As the trip progressed, I contracted dysentery requiring the bus driver to make frequent stops. Ultimately, the patience of the driver and the passengers was at an end and I found myself in Vera Cruz recuperating. A kind lady hotelier and a local pharmacist eventually put me right, which is a story I shared previously, The Fear of Giving.

I knew I was on the mend when I had the overwhelming craving for fresh chicken enchiladas, Vera Cruz style. My hostess told me of a local restaurant in her neighborhood that made the best in the city. She laughed and assured me they would be really fresh.

I decided I was strong enough to walk and could use the evening air. As I made my way through the narrow streets it began to rain, slowing my progress. Finally, I saw the little place down an alley and quickened my pace to get out of the weather.

I was about halfway when a young man sprinted past me chased by a rotund policeman; huffing and puffing with his pistol drawn.
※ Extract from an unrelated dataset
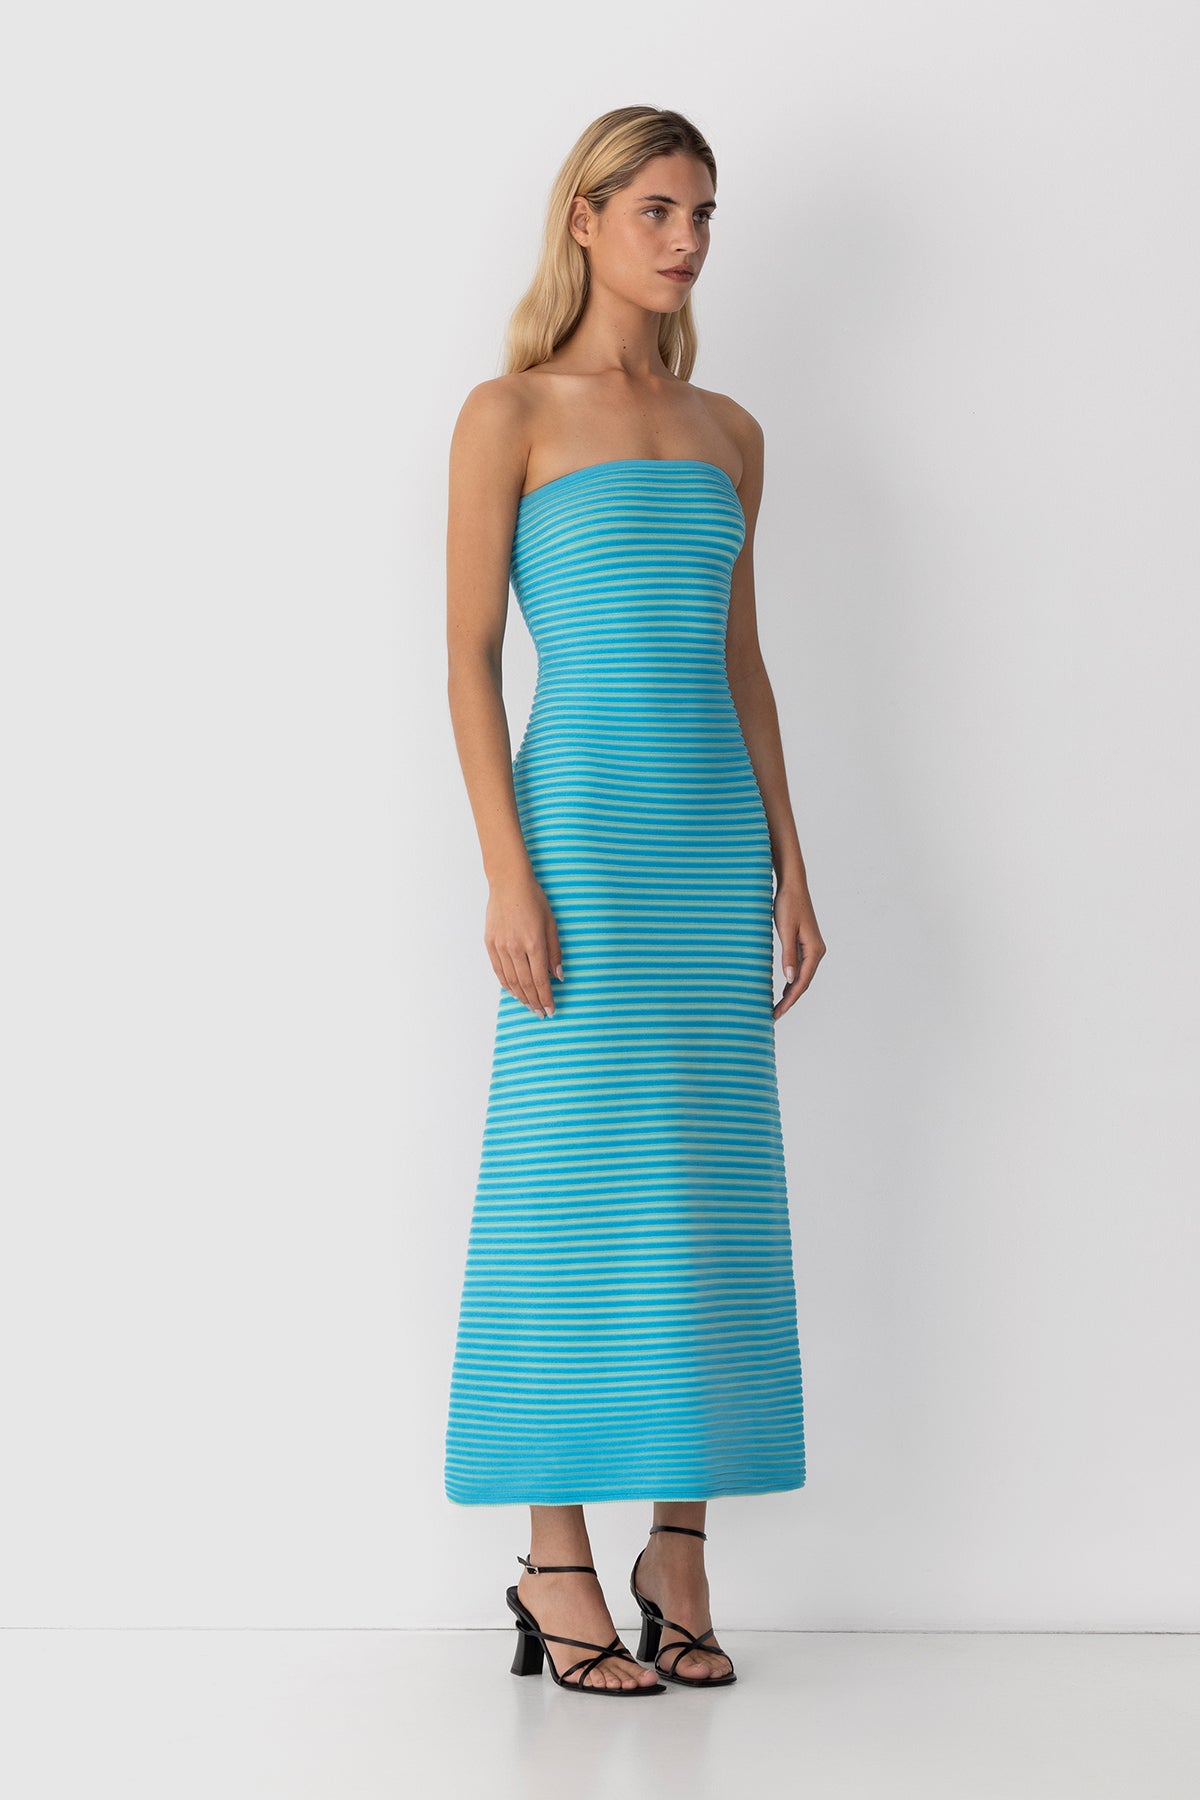 Sunmor Knit Maxi Dress - Aqua

I had just enough time to dodge into an alcove as he began firing. After several shots, he bent over trying to catch his breath. The young man disappeared into the mist. The policeman and I went to dinner.

Inside was so steamy that you couldn’t see out the windows. My newfound friend and I were the only customers, so took seats near the kitchen. The policeman validated that the enchiladas were the best in town. The waitress was a short, little firebrand that stood tapping her foot impatiently as she waited for our orders.

I asked her if the chicken was fresh before I ordered. She laughed, as though to a private joke and assured me I wouldn’t find fresher. Right after she entered the kitchen with our orders, a small boy darted through its swinging doors, passed us, disappearing outside. I quizzically looked at the policeman but he just shrugged assuring me all was normal. Of course, I took that with a grain-of-salt as this was the same man who minutes before had been shooting at someone out front.

Now, in Mexico, you wait for your meal. It takes time and nothing happens very quickly. But usually, it’s worth it. A dinner is a social event that should be savored. But this dinner was really taking a long time, longer than usual. Just as I was about to call the waitress over, the boy returned with a chicken under each arm and disappeared into the kitchen. Seconds later, we heard squawking and the chopping of a cleaver followed by silence; except for subdued laughter and the rattling of pots.

After about half-and-hour, we had the freshest and most savory chicken enchiladas I’ve ever tasted to this day. And I made a few lifelong friends that have enriched my world ever since, but, as I said before, that’s another story.

The road to the freshest chicken enchiladas you’ve ever tasted can be a long and unpredictable one, but, as in life, the rewards can be great.